2. Nel frattempo, mentre si fa la “guerra” alle ONG che soccorrono soltanto una minima parte delle persone che arrivano sulle coste italiane, provenienti dal nordafrica ( meno del 10 per cento), proseguono gli sbarchi isolati, anche a Lampedusa. Mentre tutti “accerchiavano” con i divieti, e con le telecamere, la Open Arms, decine di migranti, giunti su un piccolo barchino, soccorsi a quattro miglia della costa, venivano accompagnati in porto dalla Guardia di finanza. Ormai appare evidente come sulla pelle dei naufraghi soccorsi dalle ONG, ridotti alla disperazione dalla mancata tempestiva indicazione di un porto sicuro di sbarco, si giochi una partita politica che non è limitata al palcoscenico politico italiano. Ma si è estesa ormai all’intera Unione Europea, dopo il vertice di Parigi di luglio, quando si era deciso un piano di redistribuzione dei migranti soccorsi nel Mediterraneo centrale, che l’Italia e Malta avevano duramente avversato, perché centrato sull’obbligo degli stati, derivante dal diritto internazionale, di sbarcare i naufraghi nel porto sicuro più vicino.
Peraltro lo stesso articolo 11 comma 1 ter del Testo unico sull’immigrazione n.286 del 1998, introdotto dal recente decreto sicurezza bis, ormai convertito con modificazioni in legge 8 agosto n.77 dal Parlamento, fa salvo il «rispetto degli obblighi internazionali dell’Italia», tra i quali ricorrono senz’altro, coessenziali al diritto di chiedere asilo, il principio di non respingimento ed il divieto di espulsioni collettive. Ne consegue che la legge e le prassi amministrative interne non si possono orientare in contrasto con la normativa internazionale, di rango sovraordinato alla legge interna ai sensi dell’art. 117 della Costituzione, né derogare ad essa.
Non si può però dimenticare che i diritti fondamentali dei migranti, a partire dal diritto di chiedere asilo, sono garantiti, oltre che dalle Convenzioni internazionali che si cerca di eludere attraverso gli accordi tra stati, dalla Costituzione italiana e dalla normativa nazionale in materia di attività di soccorso in mare e protezione internazionale, da ricollegare comunque alla disciplina di fonte europea. Sono quest diritti che la magistratura deve garantire quando si assume che siano violati dalle autorità statali, e non vi possono essere atti di esercizio della giurisdizione ad intermittenza, a seconda dei rapporti politici interni o internazionali.
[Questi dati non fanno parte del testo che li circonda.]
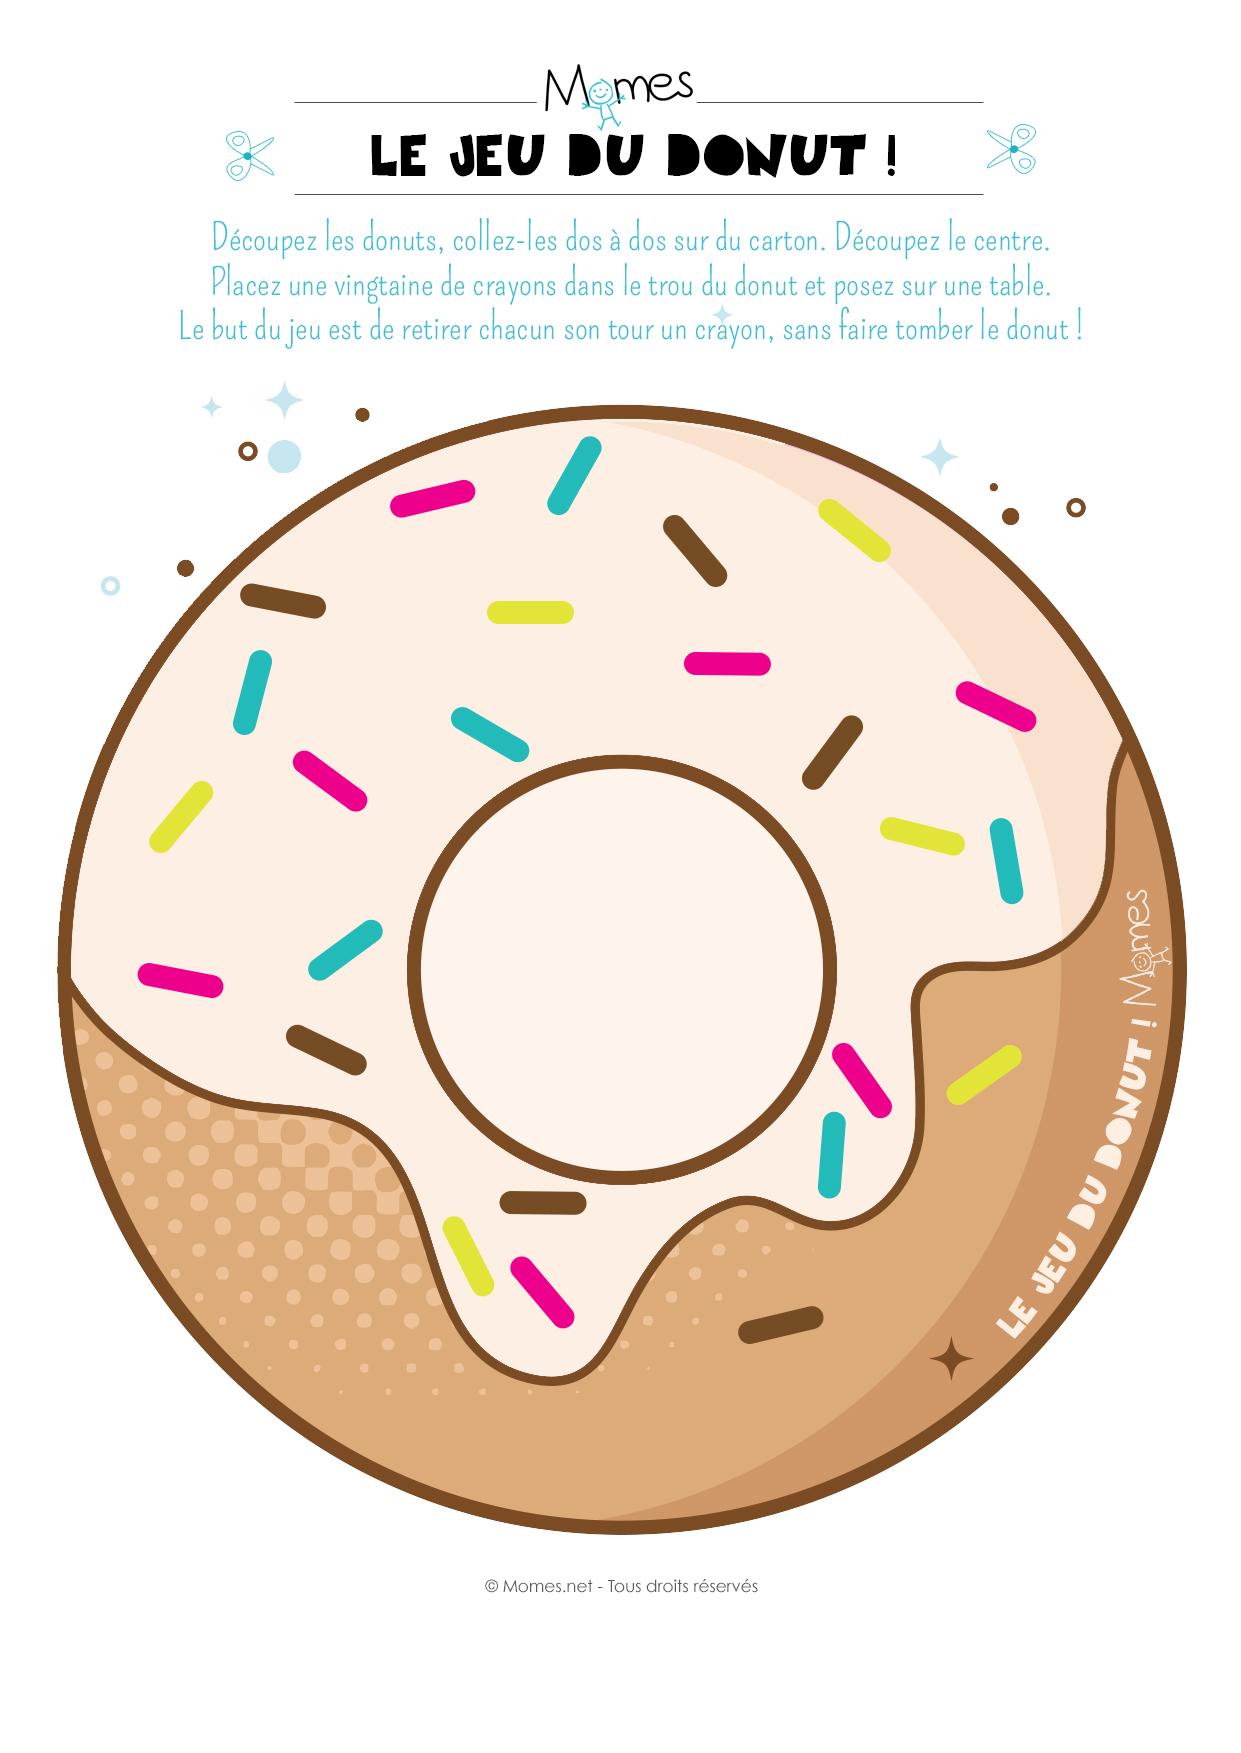 dessin de donut

3. L’8 agosto scorso 89 naufraghi soccorsi in due diverse operazioni dalla nave Open Arms nelle acque internazionali al largo della Libia hanno espresso la volontà di fare richiesta di asilo in Europa, mentre si trovavano ancora a bordo della nave umanitaria in acque internazionali. Successivamente la stessa nave è stata autorizzata ad entrare nelle acque territoriali italiane, ed i naufraghi non hanno perso per questo la loro condizione giuridica di richiedenti protezione internazionale. Al di là dei contrastanti referti medici del poliambulatorio di Lampedusa, le testimonianze delle persone che finalmente sono libere di esprimersi, una volta a terra dopo essere sbarcate dalla Open Arms, sono agghiaccianti.
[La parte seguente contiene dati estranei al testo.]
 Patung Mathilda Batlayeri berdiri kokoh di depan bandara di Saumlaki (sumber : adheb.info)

Le procedure per formalizzare le manifestazioni di volontà dirette alla richiesta di asilo e formulate a bordo di navi in alto mare non sono rimesse alla discrezionalità del ministro dell’interno, ma devono essere stabilite ed applicate secondo precisi standard internazionali fissati nelle Convenzioni e nelle prassi consuetudinarie richiamate dai manuali operativi dell’Alto Commissariato delle Nazioni Unite per i rifugiati. Secondo queste normative, “ If rescued persons appear to indicate that they are asylum-seekers or refugees or that they fear persecution or ill-treatment if disembarked at a particular place, the Master should inform the rescued persons concerned that the Master has no authority to hear, consider or determine an asylum request.
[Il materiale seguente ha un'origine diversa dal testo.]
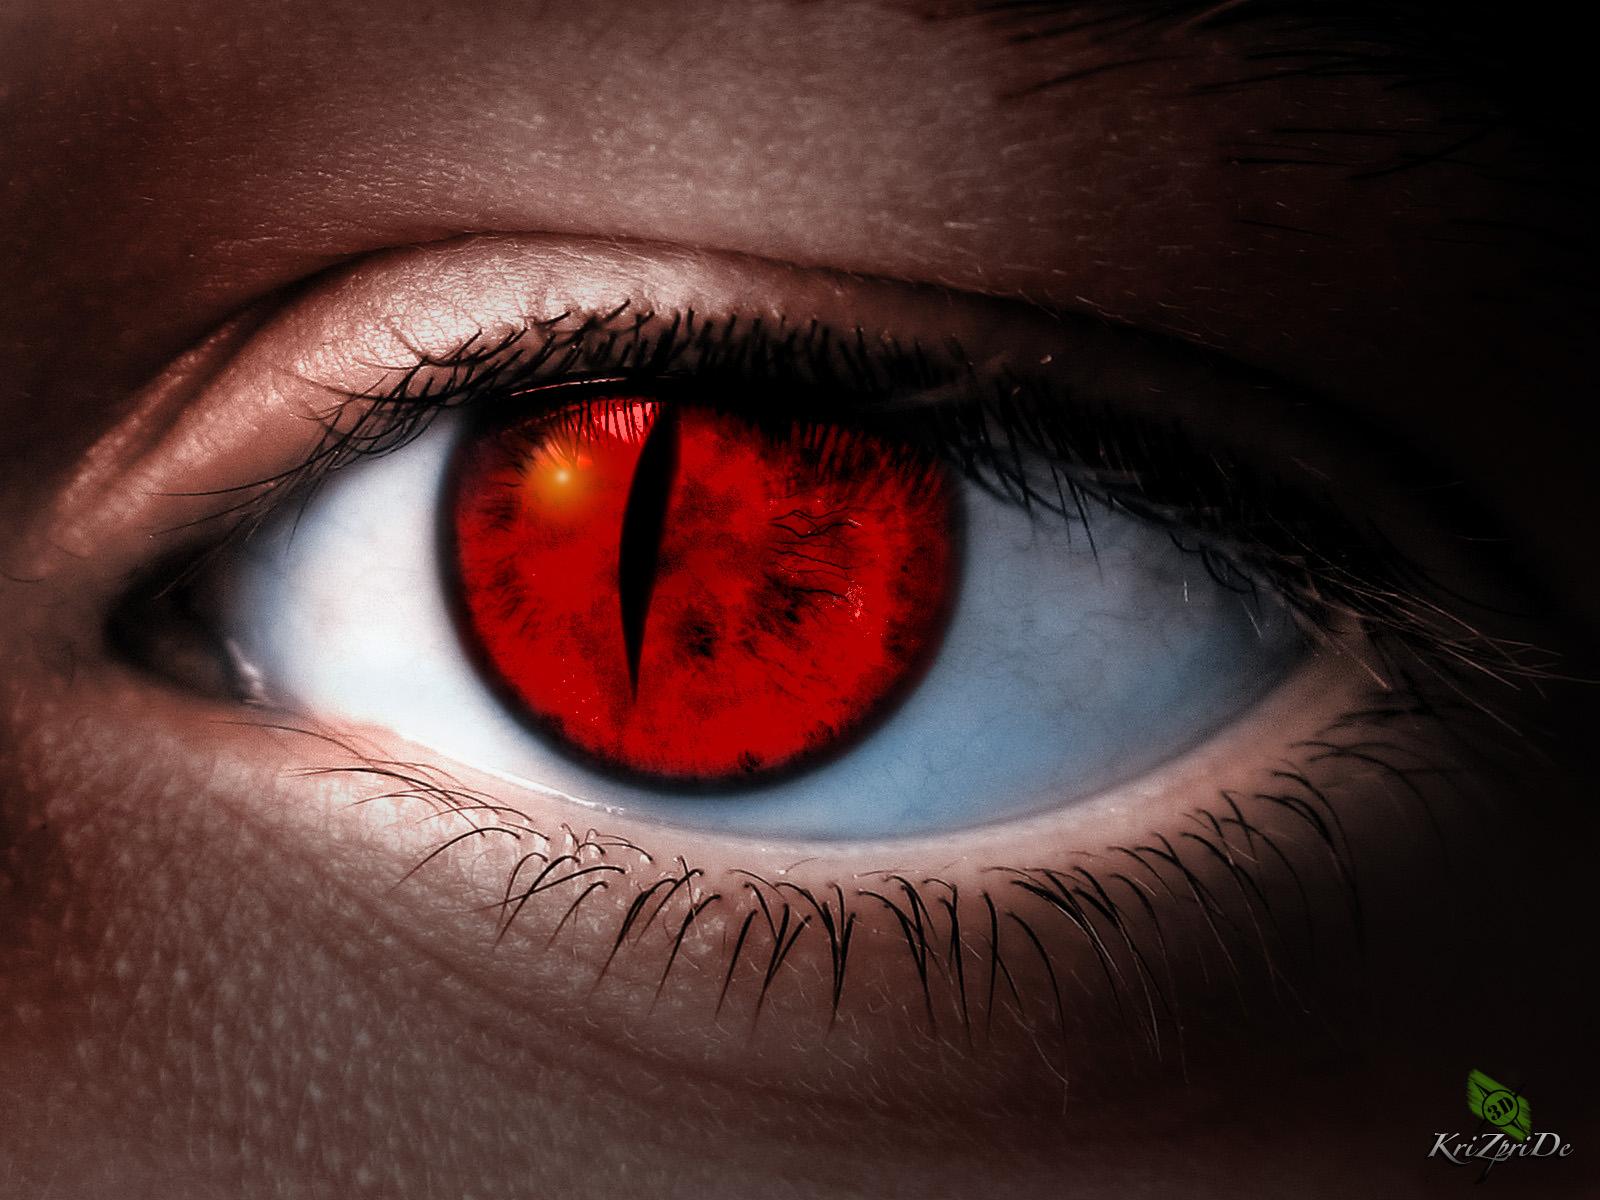 dark inside demon eye quotevcom - HD1600×1200

“ As well as RCCs and other State agencies and services, State-controlled vessels (such as coastguard vessels and warships) have direct obligations under international refugee law (notably, the obligation not to engage in or allow refoulement) which bear upon their obligations under international maritime law.” Si prevede inoltre che ” UNHCR should be contacted if there are difficulties reaching agreement regarding arrangements for the treatment or disembarkation of rescued people who may be asylum-seekers or refugees”. Esattamente come è stato fatto dal comandante della Open Arms quando sia Malta che l’Italia hanno negato l’ingresso nelle acque territoriali e la presa in carico dei naufraghi soccorsi dalla nave umanitaria.
Si osserva poi che ” Any operations and procedures such as screening and status assessment of rescued persons that go beyond rendering assistance to persons in distress should not be allowed to hinder the provision of such assistance or unduly delay disembarkation.”, con la importante osservazione finale che ” screening or status-determination procedures to assess whether or not a person is a refugee should at any rate not take place at sea”.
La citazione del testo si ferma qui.